A ball is put over a bar. A whistle blown. Voices roaring and bodies streaming onto a pitch, but the colours are wrong, I think. Everyone wearing green and red is rooted to the spot in the stands, watching the scene below. It’s not fair. I want to stamp my feet like a petulant child. That’s football, I can almost hear my dad saying. That’s life, too. You win some, you lose some.
There has been a lot written about “Haulie O’Neill” over the last month. Some of it true — his passion, his intensity, how analytical he is, the value he places on the legacy of Clonakilty GAA, and his efforts to protect that for future generations. A lot of it has been less accurate, words spoken by people who do not know him but would seek to mythologise him anyway.
It doesn’t matter; my father won’t have read any of it. “I didn’t step foot on a pitch,” he told me when I congratulated him after the team won the semi-final. “I didn’t kick a ball, did I?”
He paused, and conceded: “I’m proud of the lads though.” And after seeing a group of impossibly young men, carrying the hopes of an entire town on their backs, play with such heart and determination and hunger to bring the Andy Scannell cup home to west Cork, I can understand why he would be proud of them.
Clonakilty were the underdogs — they didn’t get out of the group stage last season and hadn’t reached a county semi-final since 2010 — and there wasn’t a sports pundit in the county who gave them a fighting chance against St Finbarr’s, let alone anyone who would have predicted such a fiercely fought game. But I always believed they could win.
After 36 years of having Michael O’Neill as my father, I knew better than to underestimate him. He has been like David with Goliath so many times, watching giants fall to their knees. I saw him during the water breaks, almost crouching down as he spoke to the players, his arms stretched wide, and I joked to my mother that it was like story time when my sister and I were kids.
Whenever I was having a difficult time – and if you’re a regular reader of this column, you’ll know there were many periods where I was struggling with mental health issues – my mother would hug me, tell me she loved me and that everything would be okay.
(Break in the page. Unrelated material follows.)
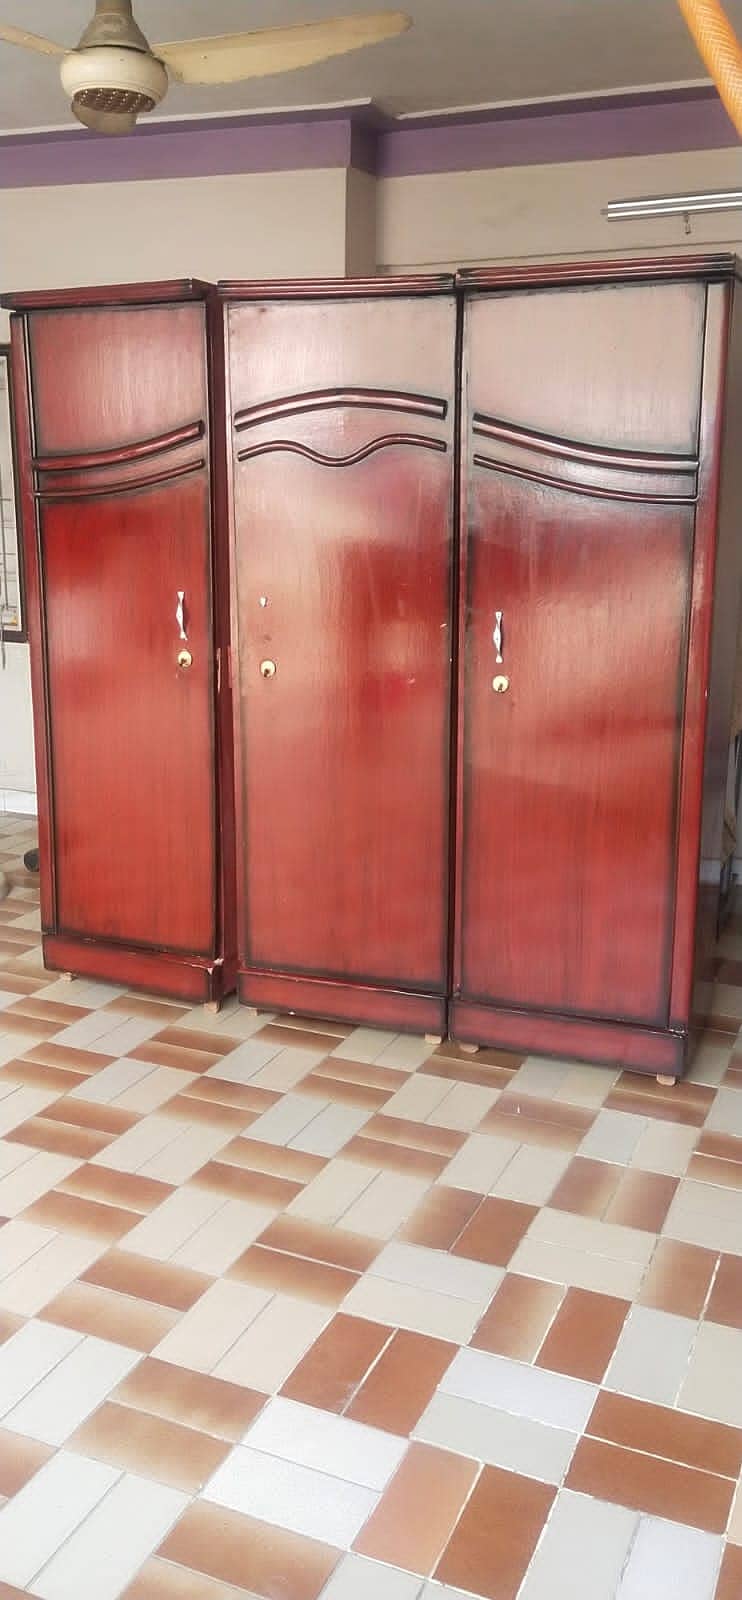 3door wardrobe for sale in excellent condition 2

My father would say ‘yes, that’s all well and good, but we need to come up with a plan to make sure’.
In 2017, when I finally began tackling the eating disorder that had plagued me for the best part of two decades, I felt so unsteady in my recovery, unsure if I would ever know peace from it.
Every morning when I went downstairs for breakfast, I would find a little note from my father on the kitchen table, telling me that he knew I could get better for I was stronger than I realised. And every night after work, he would sit with me and we would talk through my day, analysing what went well, and what I could improve on for the next day.
Many of you reading this won’t know my father, but let me tell you, it’s really something to have that man look you in the eye and say he believes in you. It makes you believe in yourself. It makes you feel like anything is possible.
When I watched sports movies as a child — Cool Runnings, The Mighty Ducks, Little Giants — I always hated it when the team I was rooting for lost. If the plucky underdogs fought their way to the final, I wanted them to be triumphant.
It’s only as an adult that I can appreciate a more bittersweet narrative, one that feels truer to real life. Your team can work hard, play the best they can. They can do everything in their power to claim the trophy as their own and still, there can be heartbreak when the whistle blows. You can’t win every game. But my father’s motto has always been ‘it doesn’t matter how many times you fall, it’s what you do when you get back up that matters’. After the wounds are licked, there will be time to re-group, to plan, to dream. Clonakilty will rise again, that I know. For that’s football, isn’t it? That’s life.